DIAB Divinycell core environmental friendly vessel

Brødrene Aa delivers its latest environmental friendly vessel

For well over 36 years Brødrene Aa (Hyen, Norway) has been using advanced sandwich composite construction to produce fast ferries and other commercial craft that offer substantial reductions in fuel consumption and emissions when compared with more traditional commercial craft, thereby minimizing their environmental footprint.

A few months ago its latest vessel, MS Sognekongen, was delivered to Fjord 1 Fylkesbaatane where it will be operating in the fjords of Western Norway, taking tourists on eco-friendly sightseeing trips. At 37.5 meters (123 ft.), this catamaran is the largest carbon sandwich composite vessel ever built by the company.

Brødrene Aa is very much at the forefront of marine composite technology. It has pioneered the use of carbon/vinylester skins and Diab sandwich cores using an infusion process that  allows the hulls, up to 40 meters (131 ft.), to be produced in ‘one shot’ in around an hour.

This combination of carbon fiber and vacuum infusion results in a structural weight reduction of more than 40% when compared with ‘ordinary grp/hand lay-up’. At the same time the overall strength of the vessel is markedly improved due to the optimization of the Diab core and the carbon fiber skins by using resin infusion technology.

The substantial reduction in weight results in boats that offer excellent acceleration and high cruising speeds. At the same time, operating costs are much lower as Brødrene Aa vessels require less engine power and use less fuel than their heavier rivals. Brødrene Aa also maintains that using advanced materials adds less than 10% to the final cost of the vessel; a cost that can be quickly recovered in less than a year due to lower operating costs. The number of CFRP vessels built by Brødrene Aa now numbers 25.

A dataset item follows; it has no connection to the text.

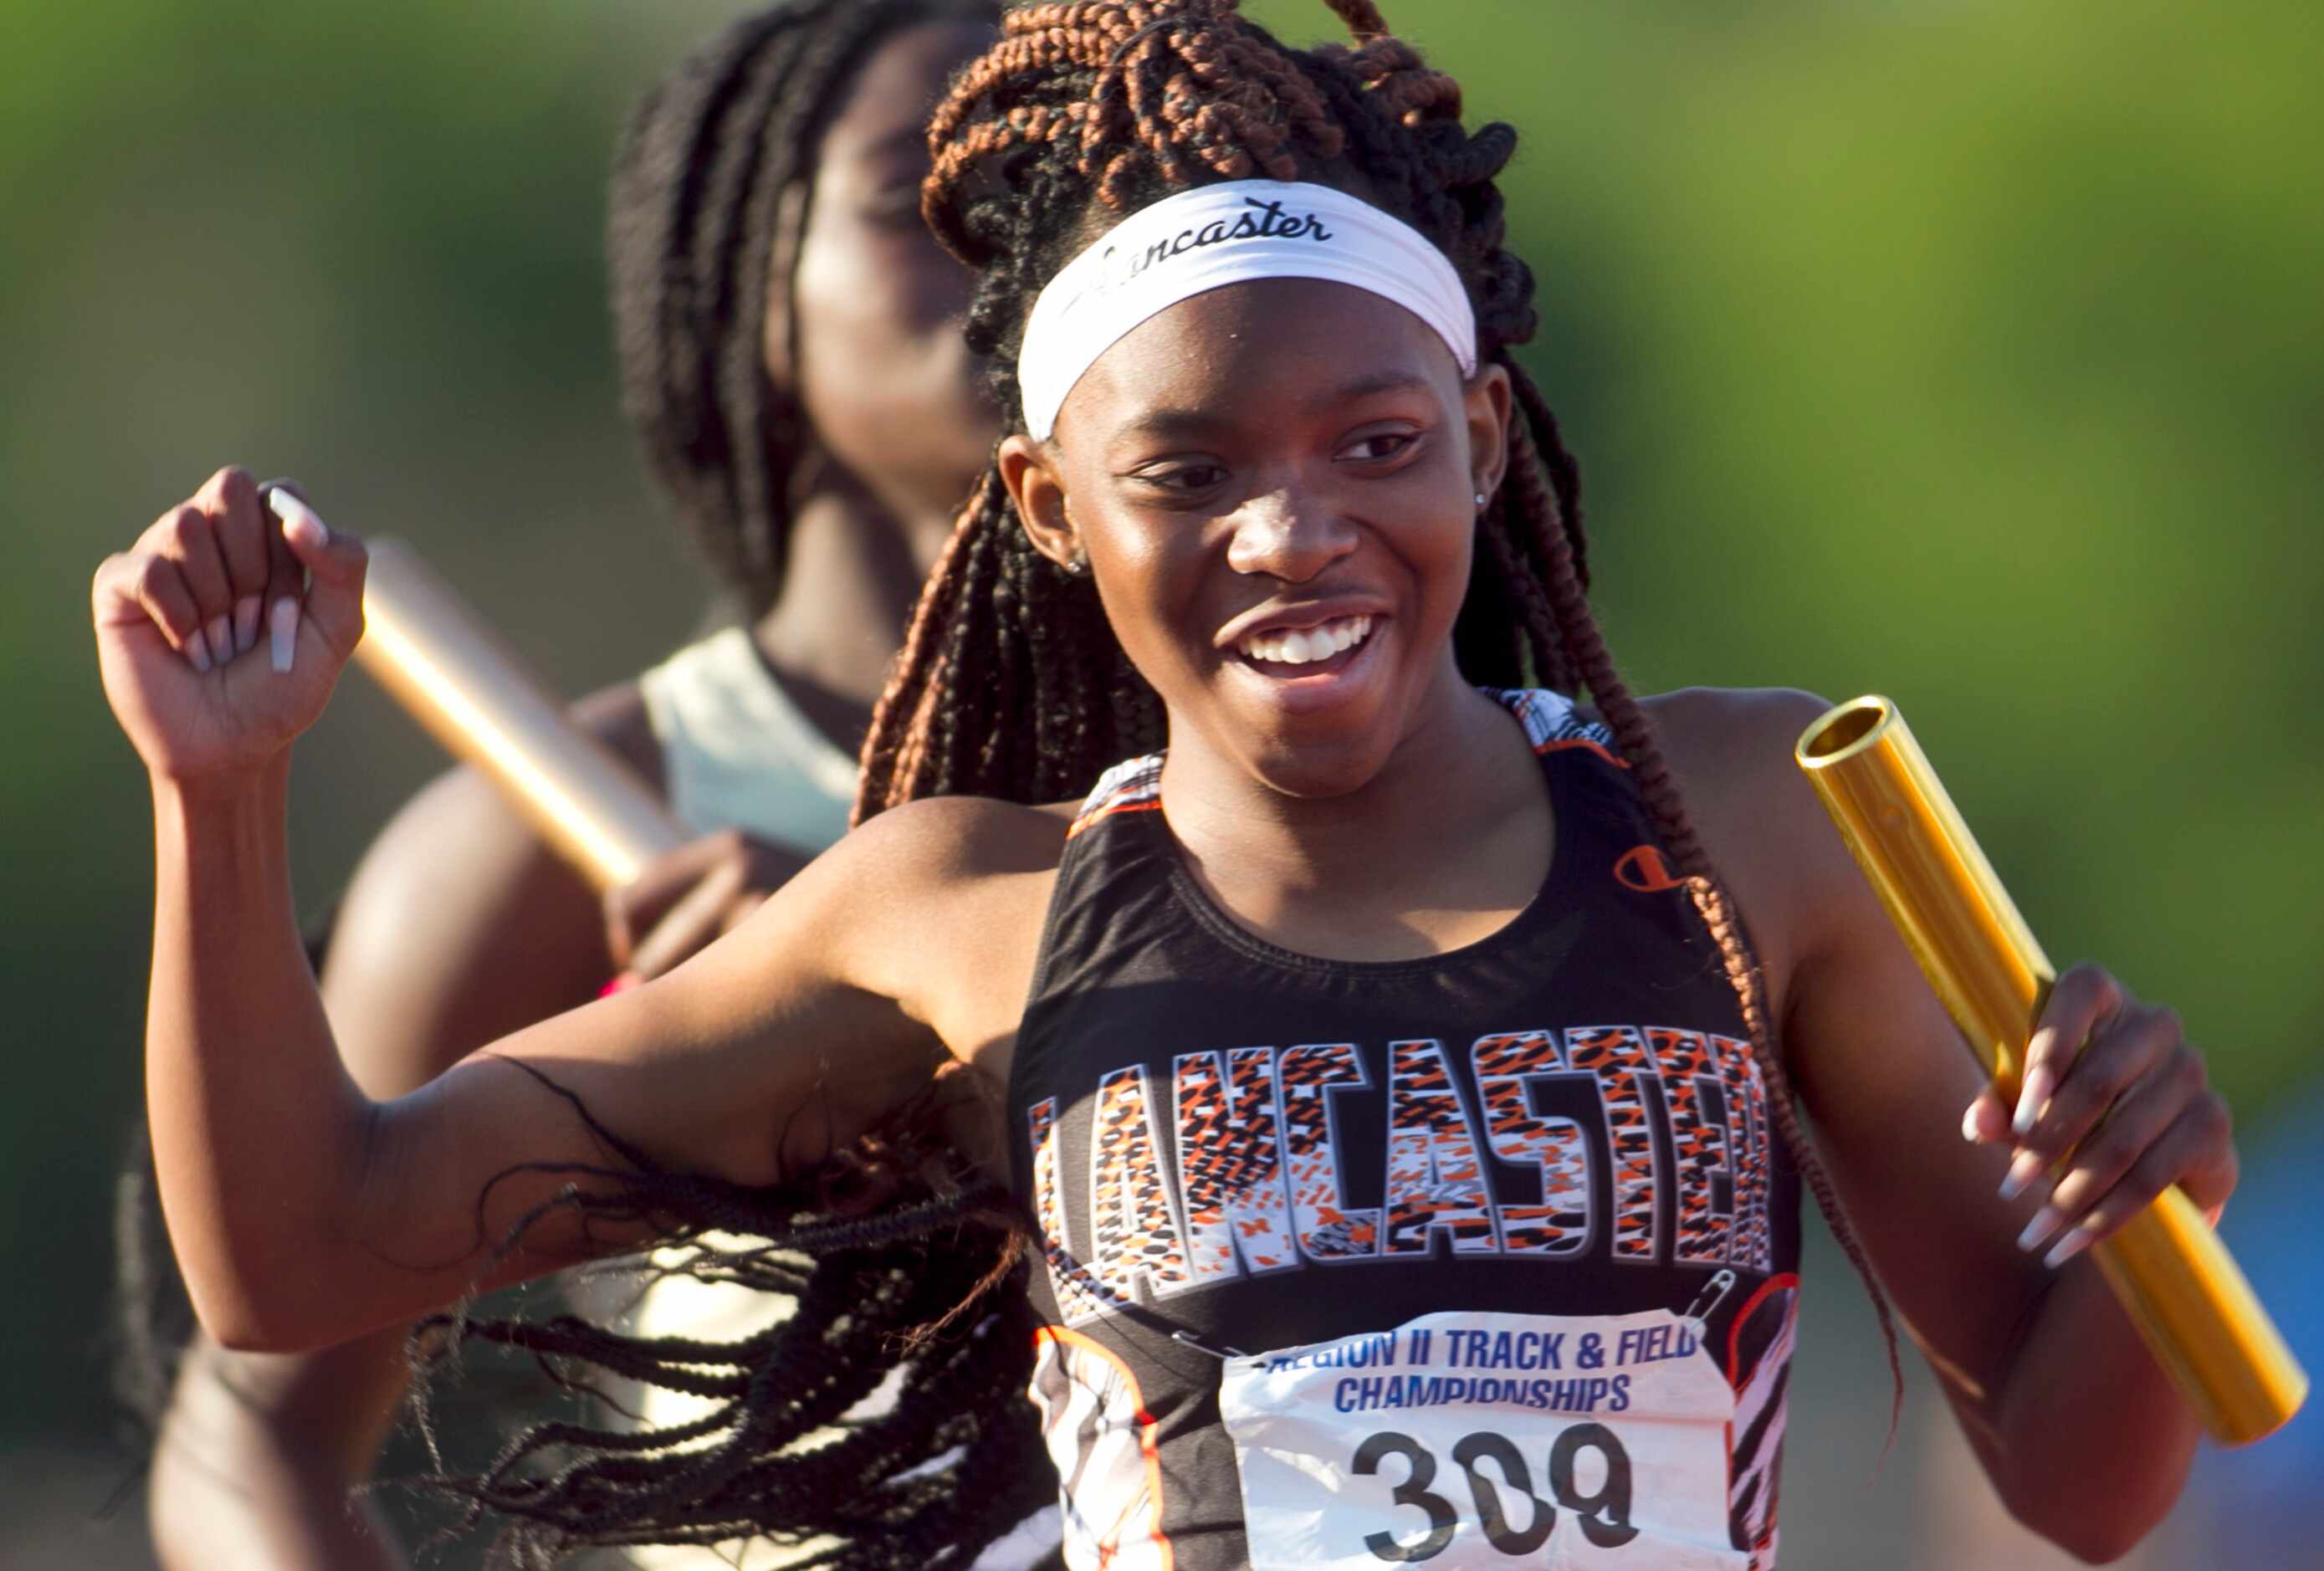 Lancaster's Addison Stricklin was all smiles as she carried the baton across the finish line...

Brødrene Aa vessels also have a proven reputation for offering rugged reliability throughout their long service life. Many of the vessels produced by the company for ferry work are in continuous operation for up to 22 hours a day and can make as many as 200 stops during this period.

This legendary reliability is clearly shown by a ferry that was built by Brødrene Aa using Diab cores in 1976. When it was sold to new owners some 30 years later for the same price as her original cost, she had travelled the equivalent of 76 times around the world, her original engines had seen over 83,000 hours running time and she had made over 500,000 landings!